Task details: The data below should be copied out exactly, with its pictures omitted.
═══ Input data ═══
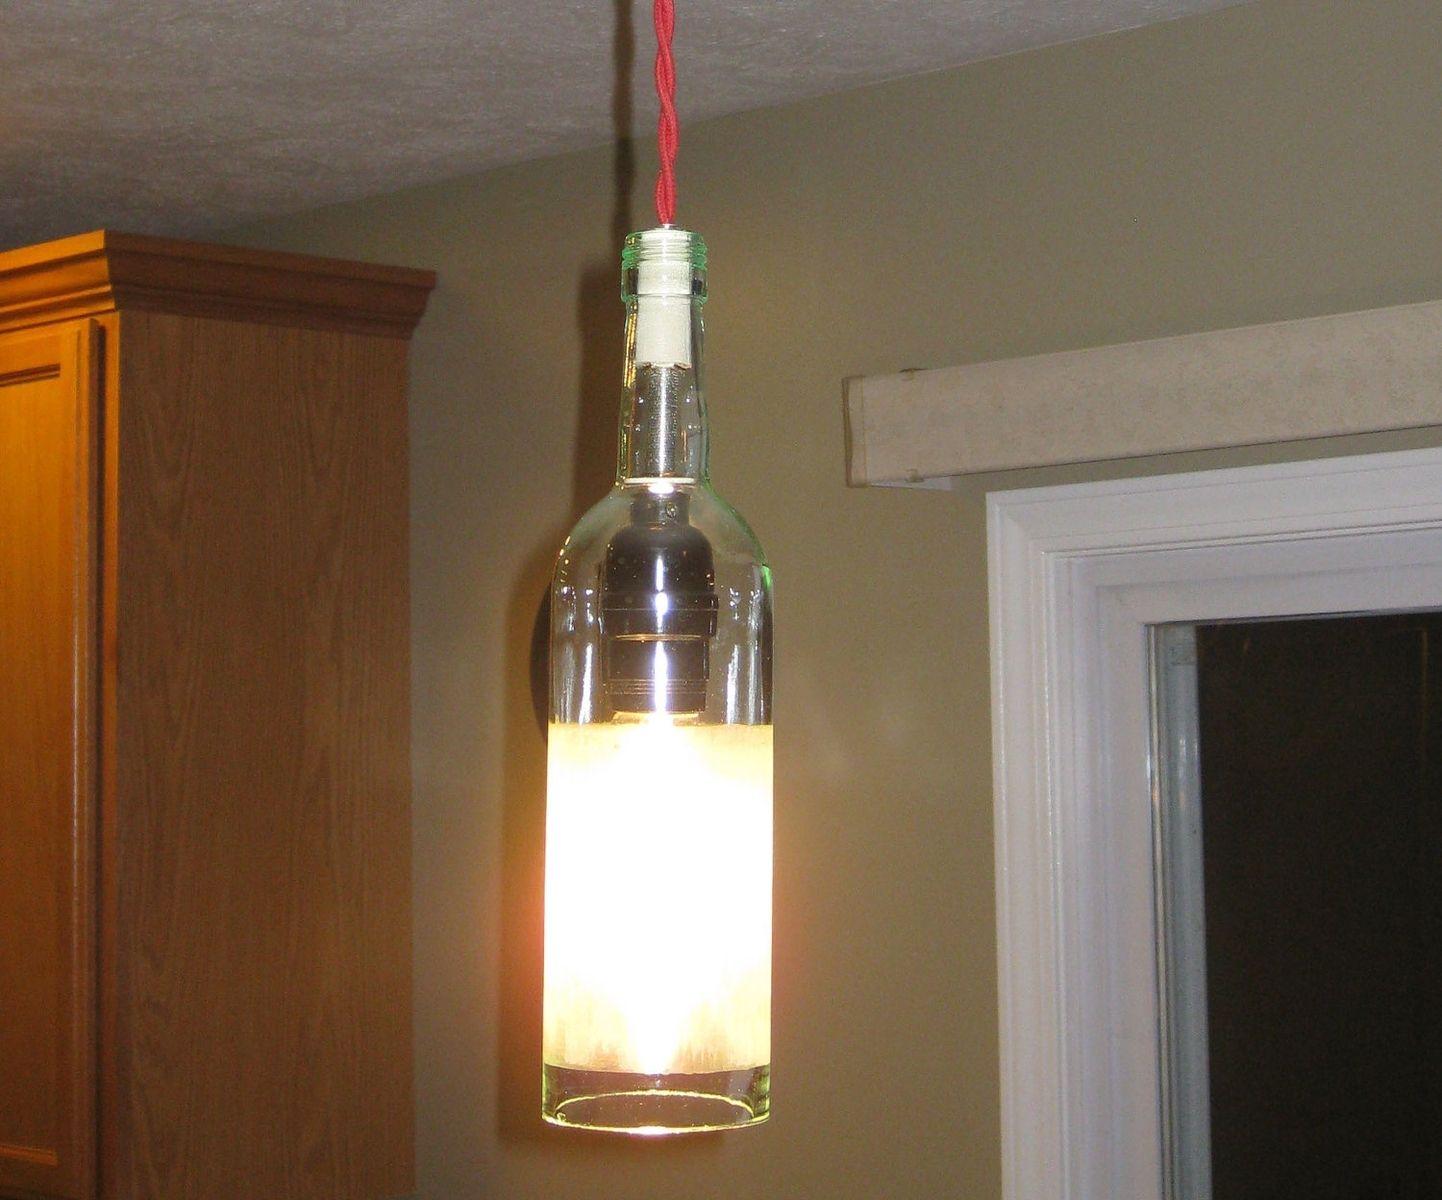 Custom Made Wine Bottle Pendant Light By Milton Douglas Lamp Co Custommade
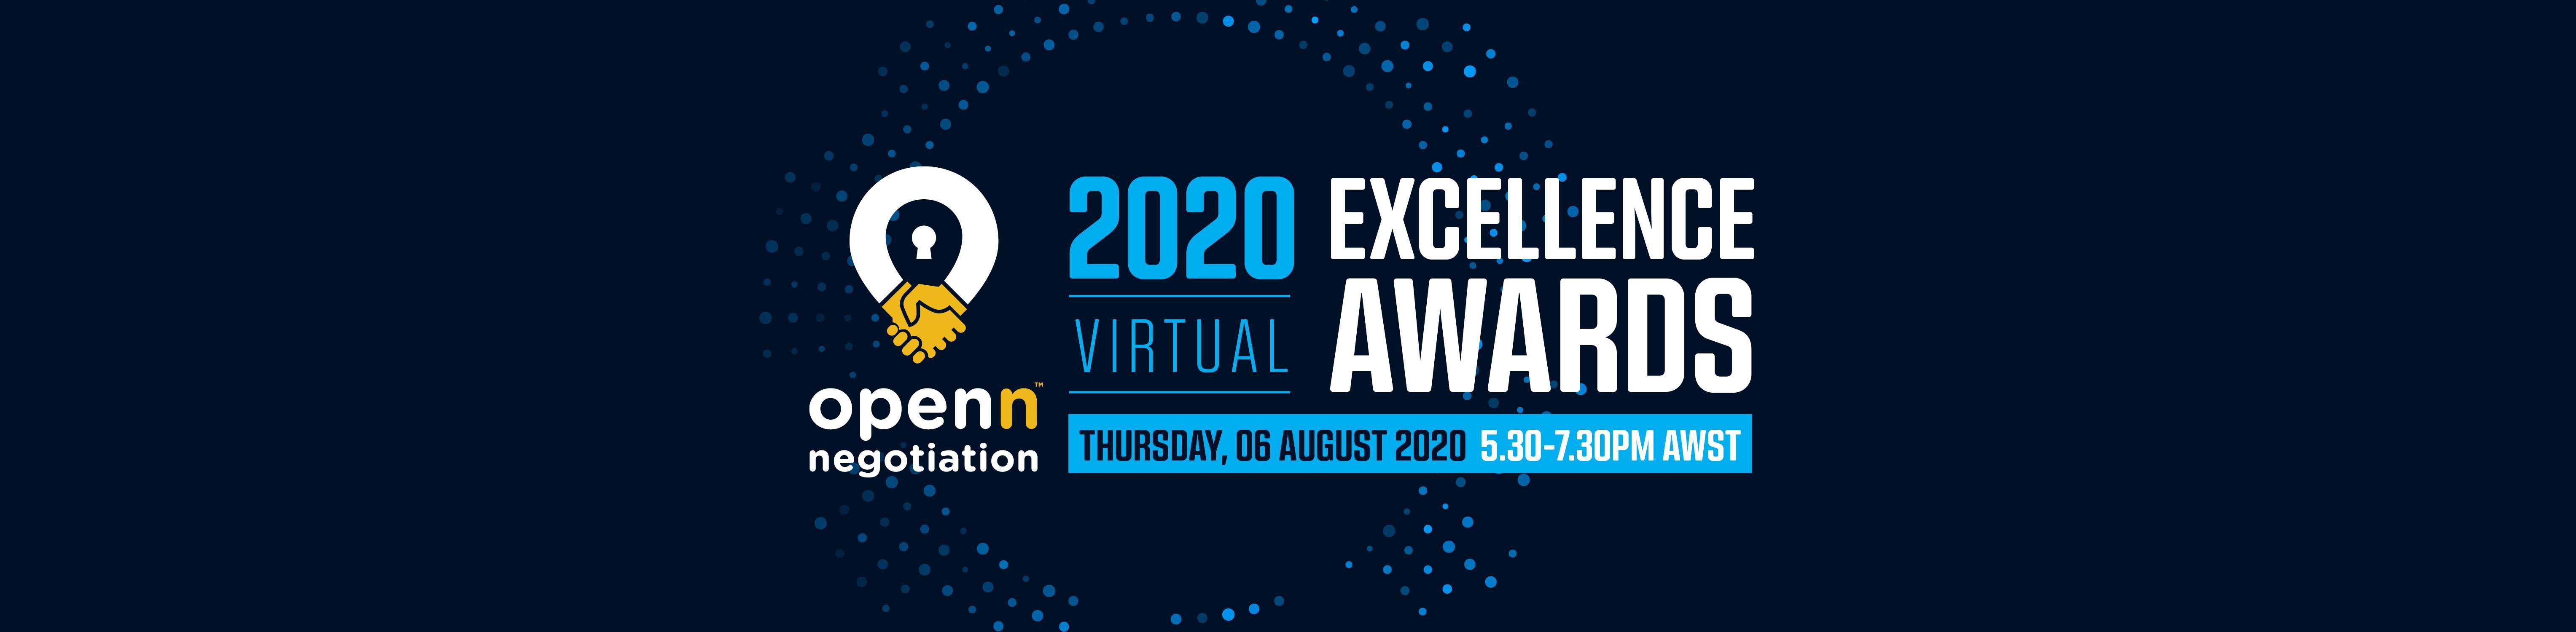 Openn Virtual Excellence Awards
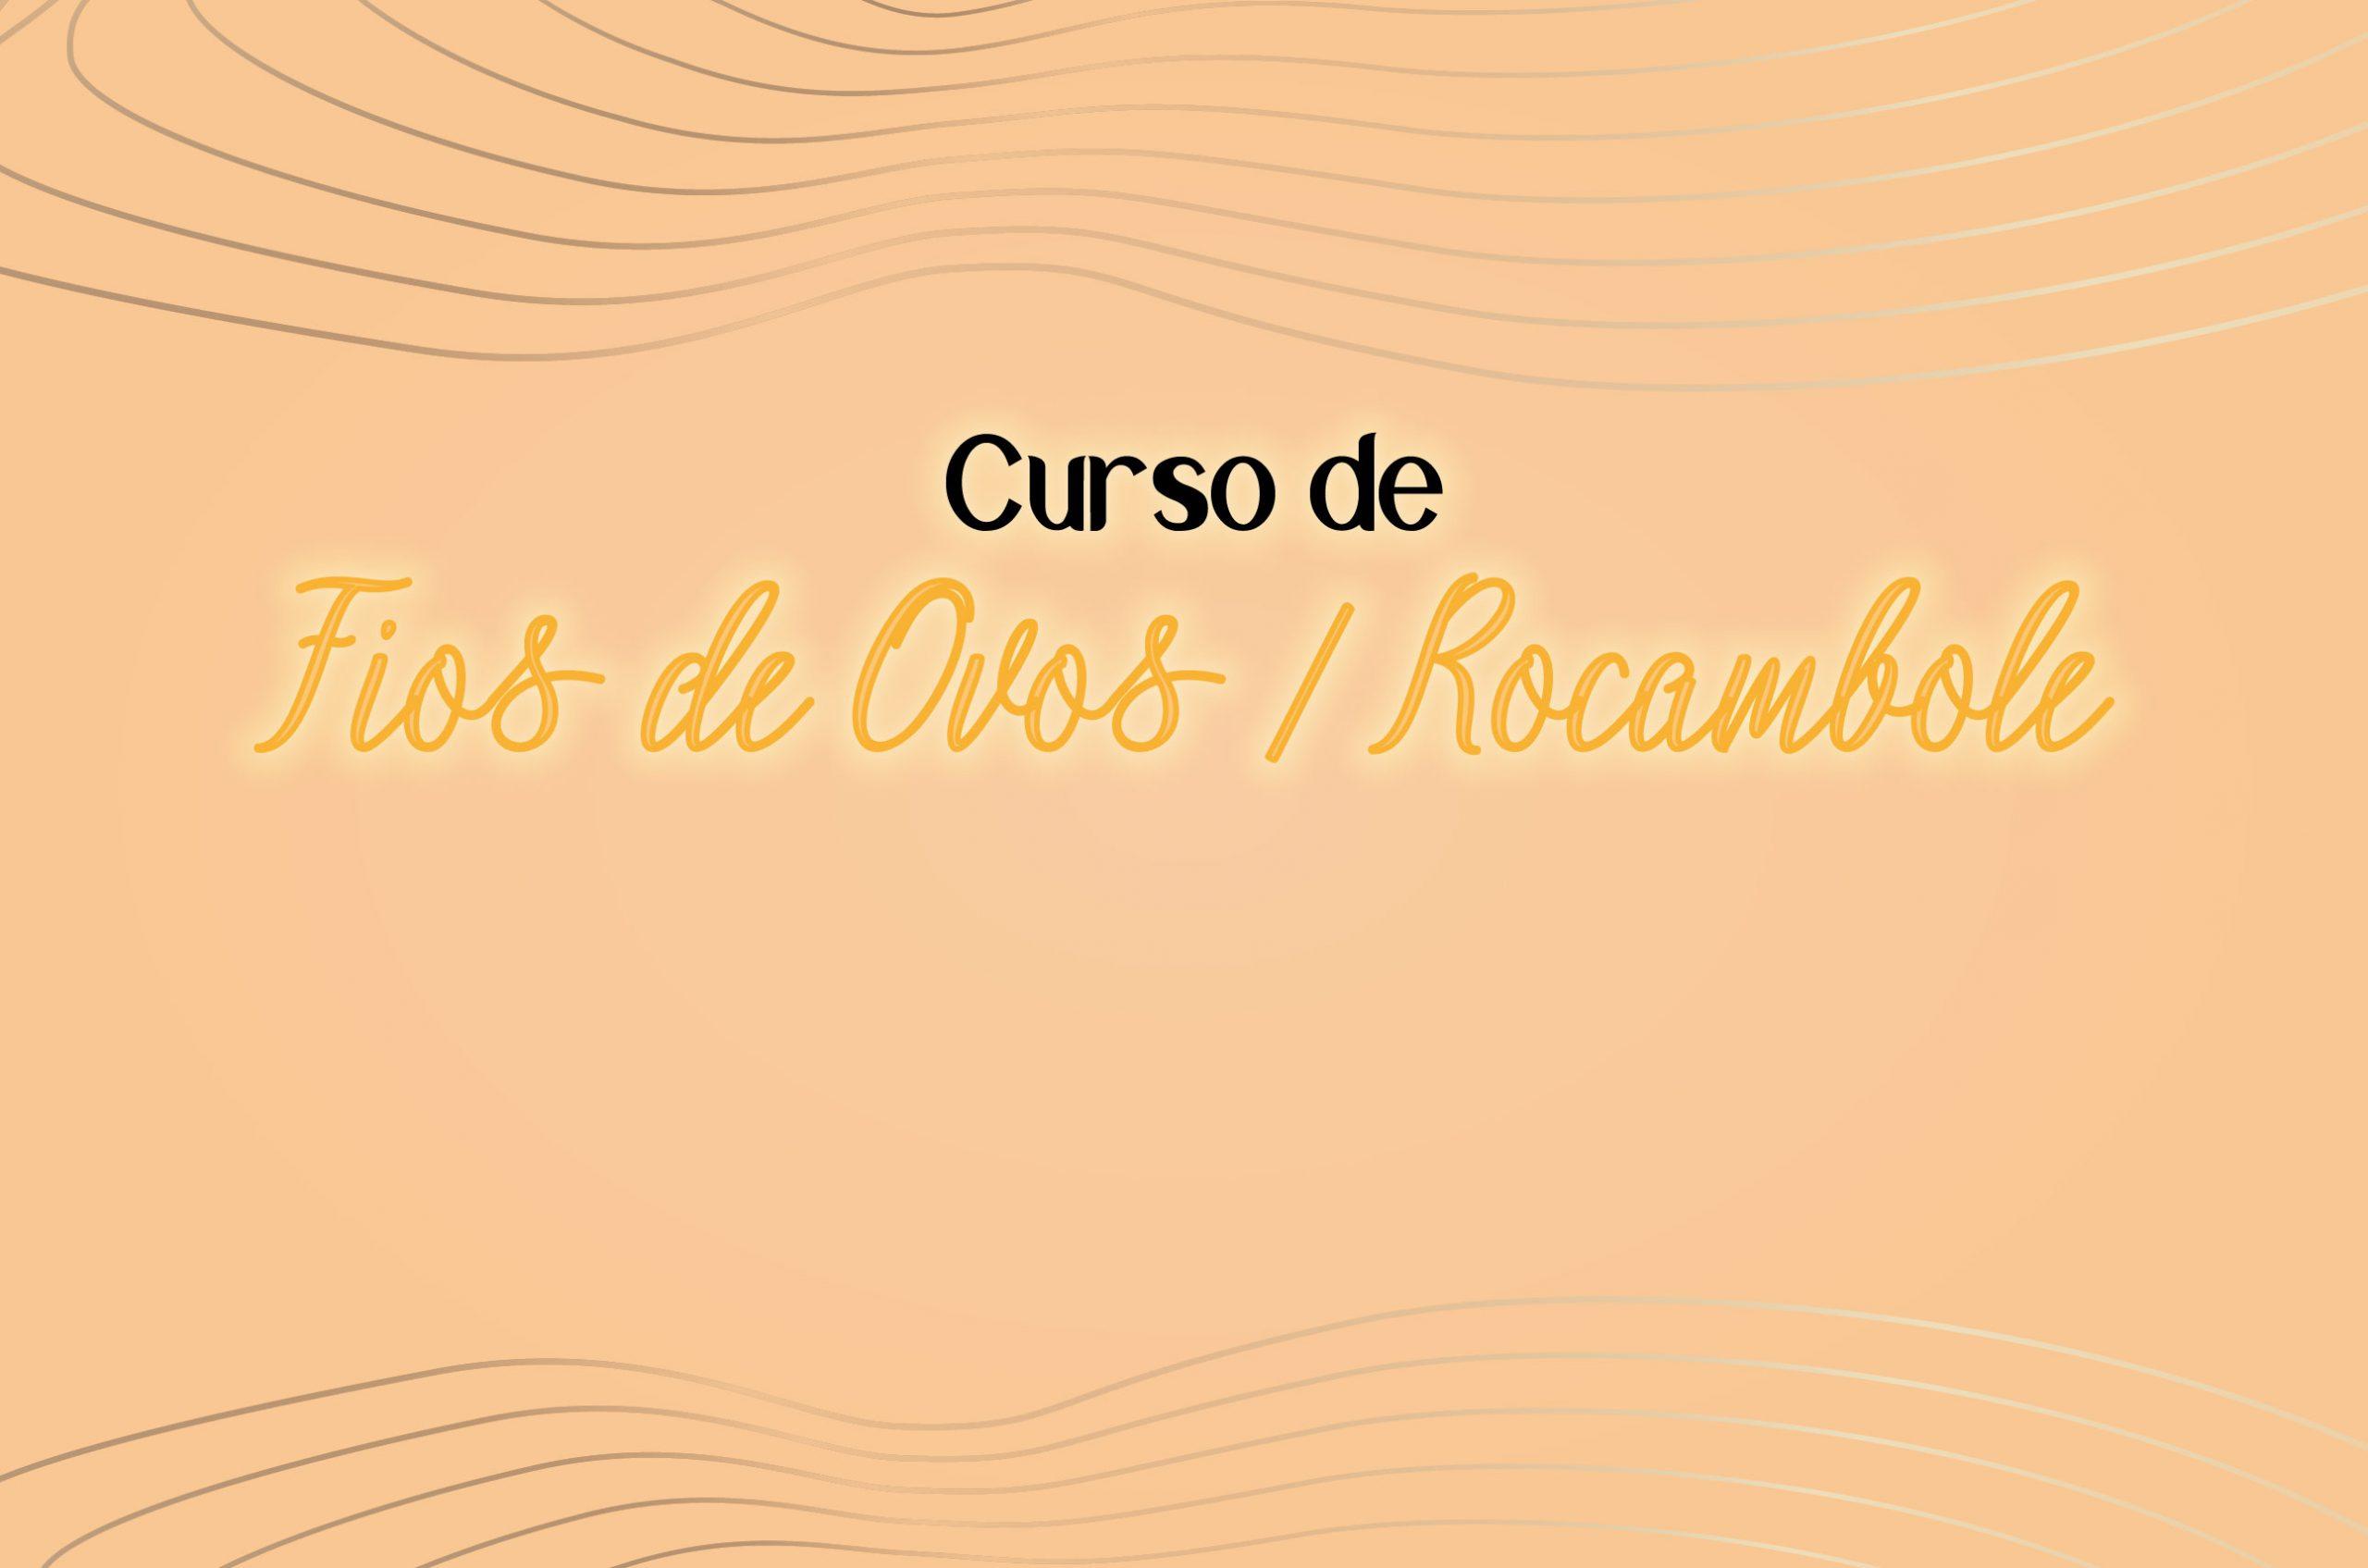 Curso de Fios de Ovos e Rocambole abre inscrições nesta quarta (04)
═══
Result for this exercise:
 Custom Made Wine Bottle Pendant Light By Milton Douglas Lamp Co Custommade
 Openn Virtual Excellence Awards
 Curso de Fios de Ovos e Rocambole abre inscrições nesta quarta (04)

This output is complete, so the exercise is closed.